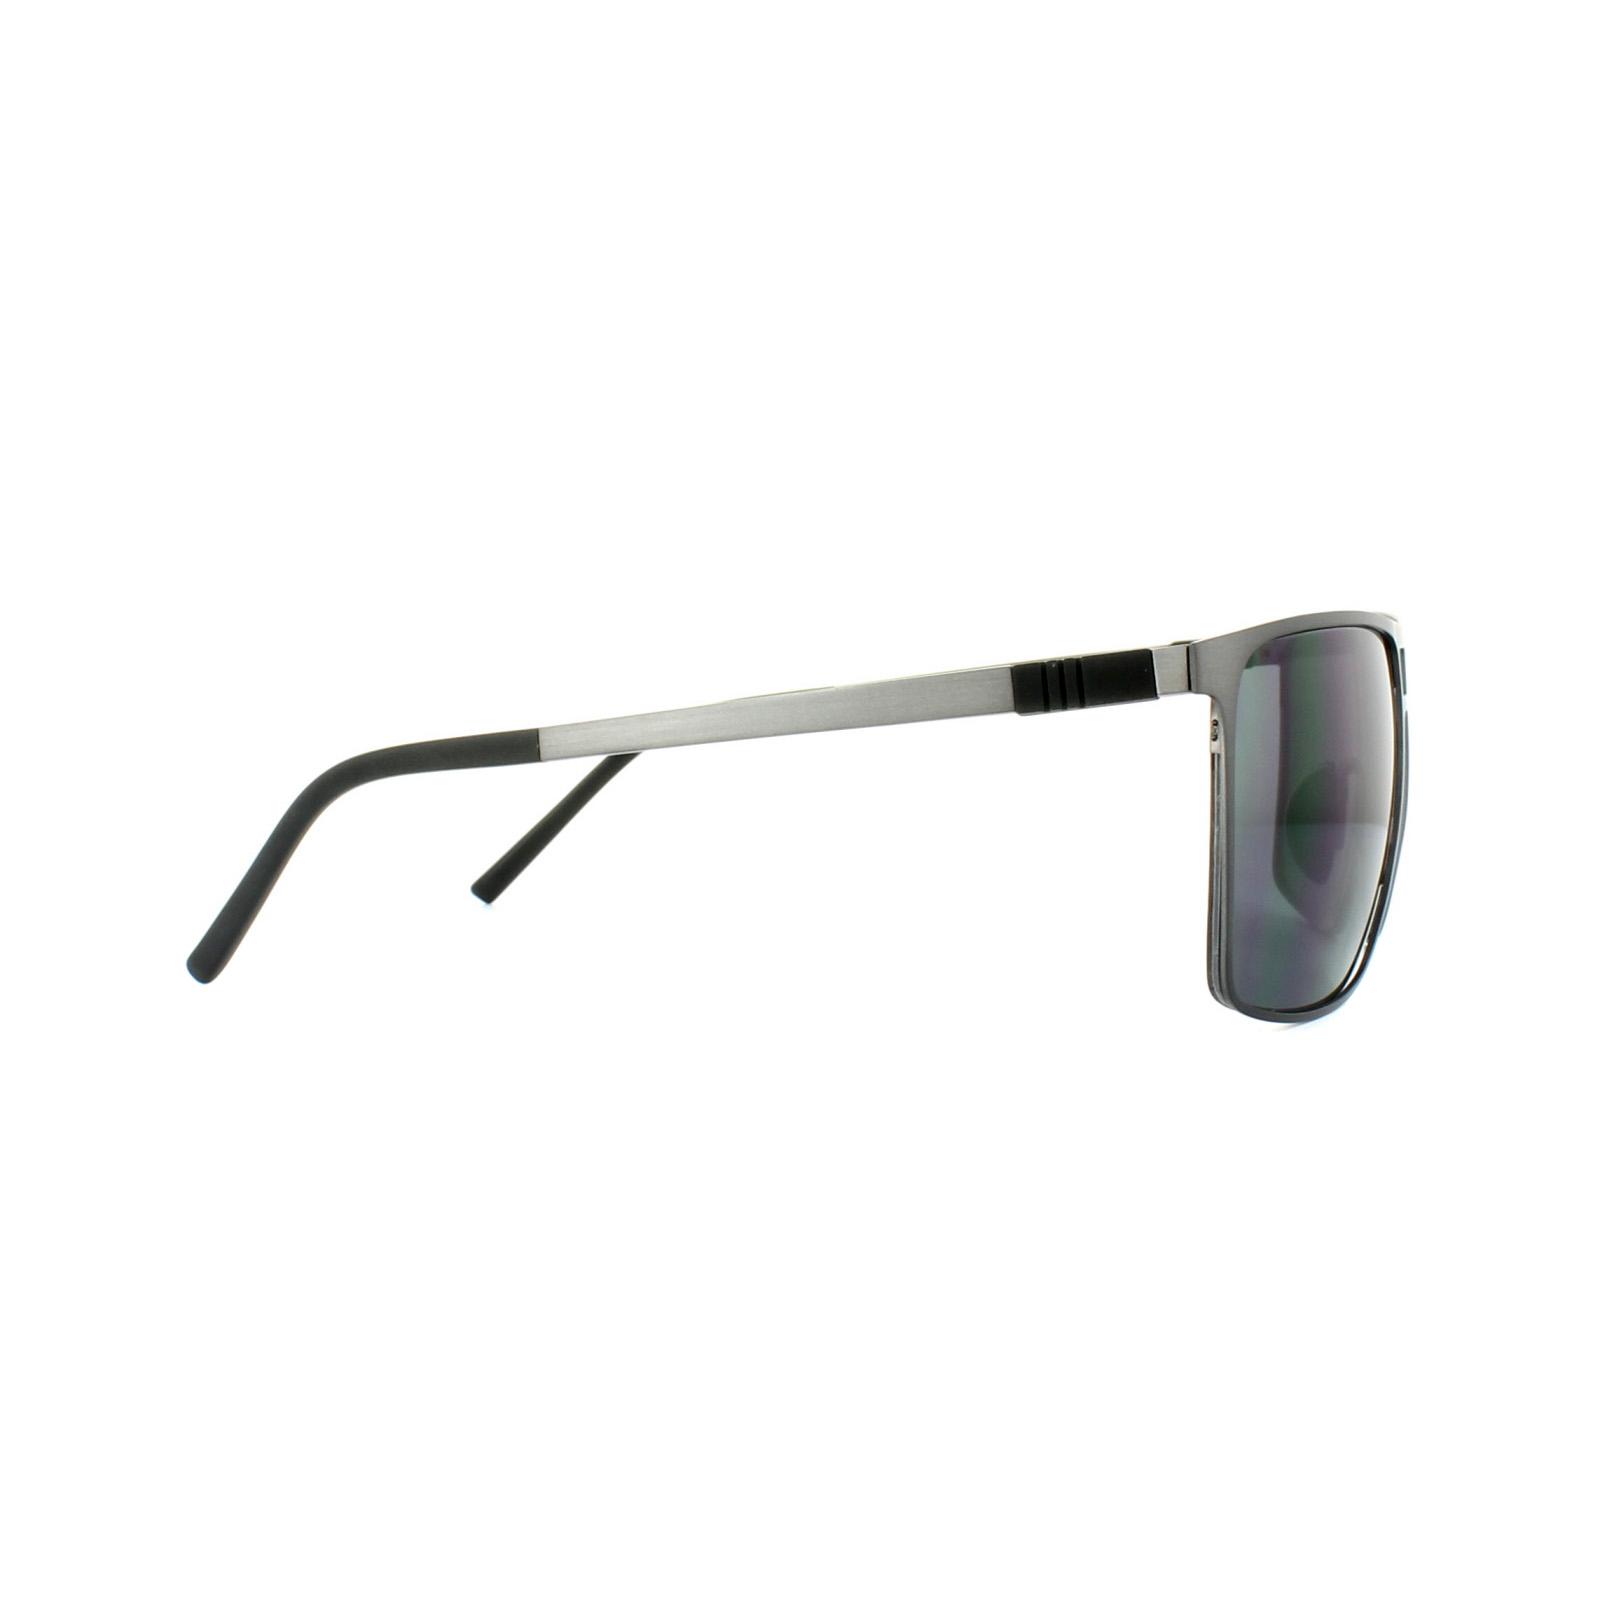 cf27738355 ... Porsche Design P8610 Sunglasses Thumbnail 4 ...
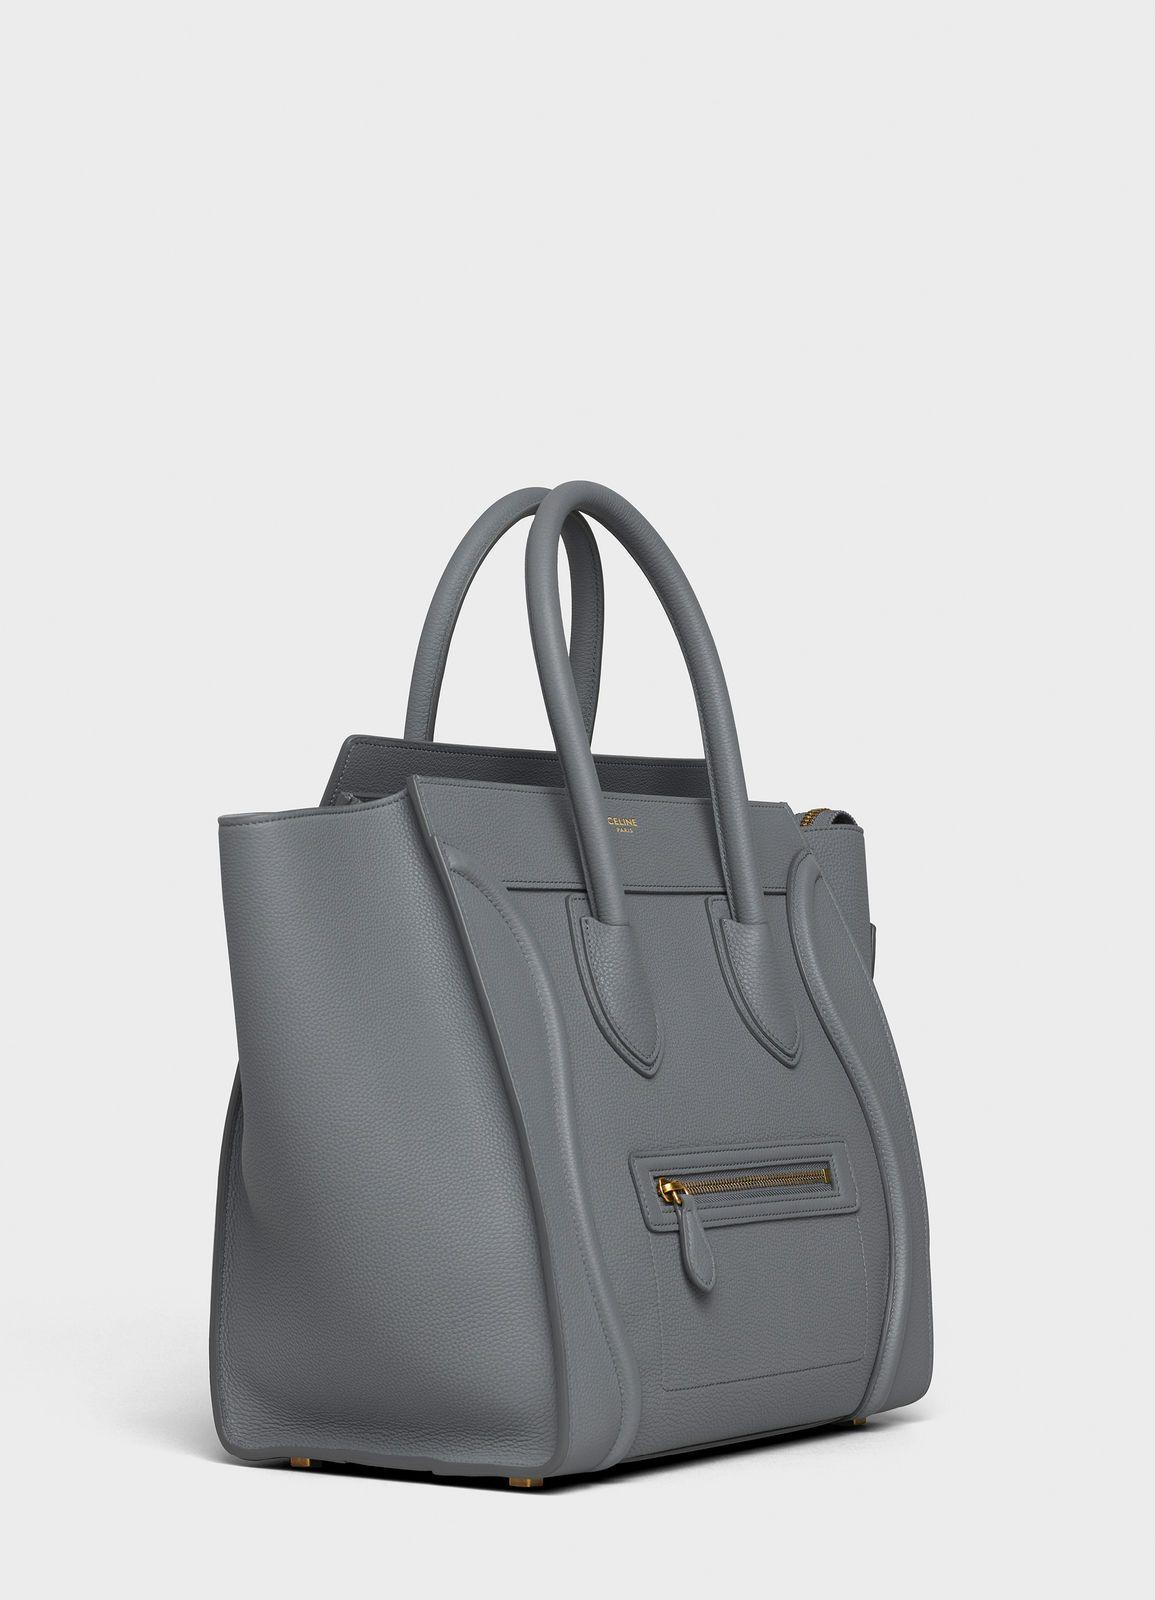 3d2c286534f Mini Luggage handbag in baby drummed calfskin
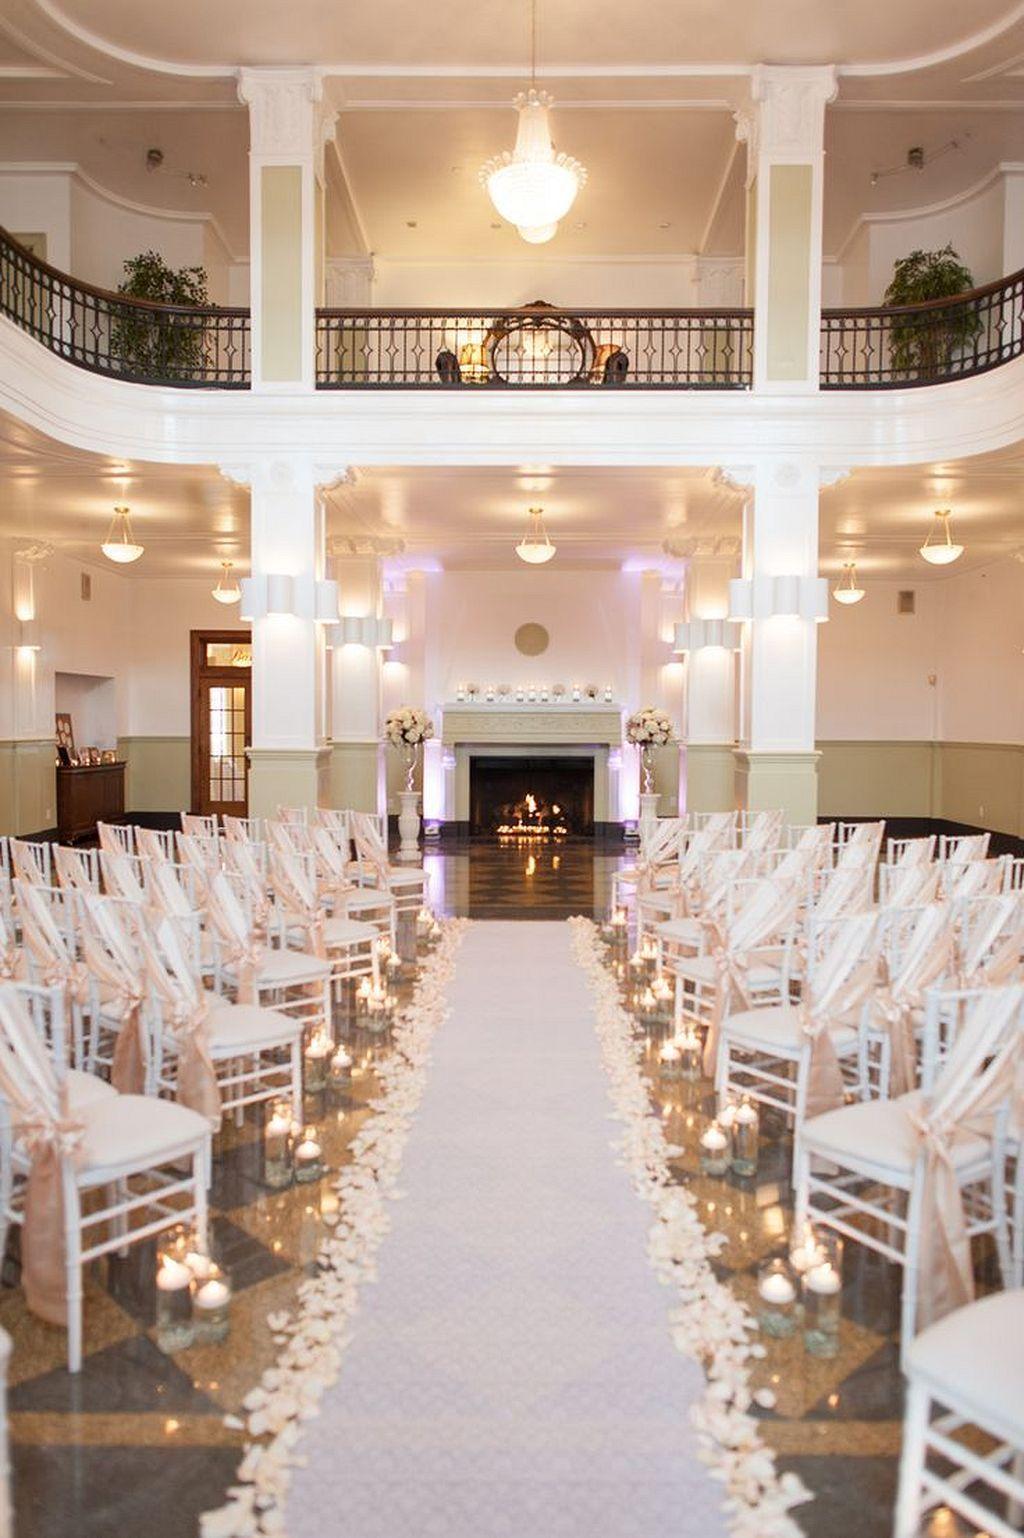 80 Wedding Aisle Decoration Ideas Weddings And R2serverfo Gallery
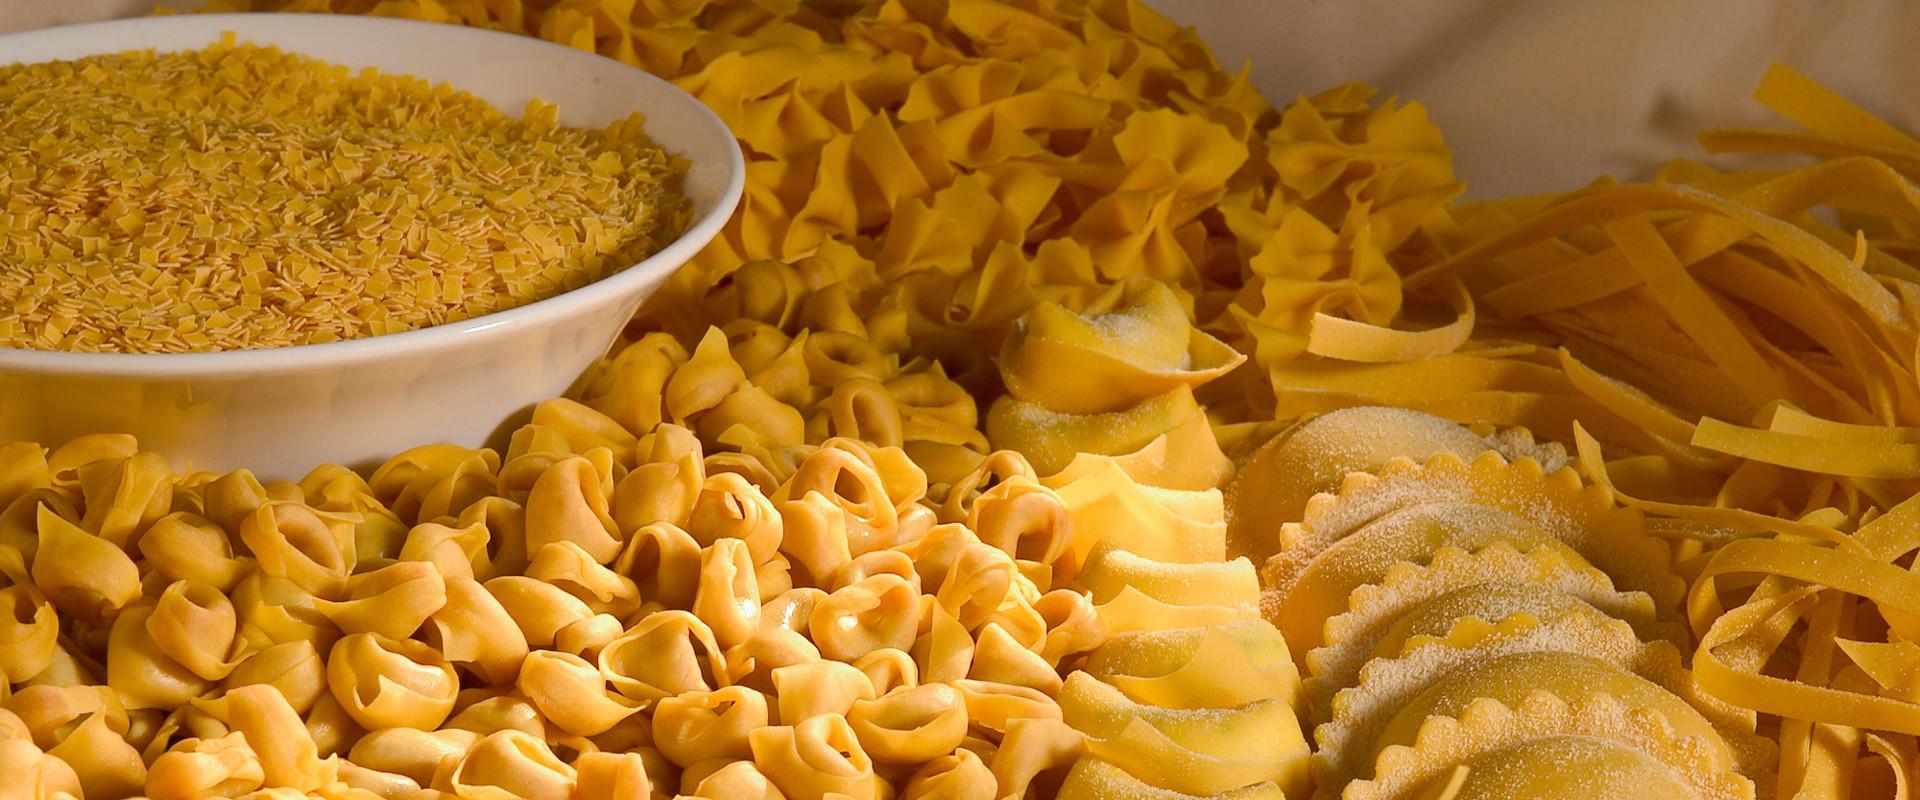 Foto: pasta fresca

WHAT YOU NEED TO DO
Please set down the whole listing above exactly and skip every picture.

EXERCISE SOLUTION
 cf27738355 ... Porsche Design P8610 Sunglasses Thumbnail 4 ...
 3d2c286534f Mini Luggage handbag in baby drummed calfskin
 80 Wedding Aisle Decoration Ideas Weddings And R2serverfo Gallery
 Foto: pasta fresca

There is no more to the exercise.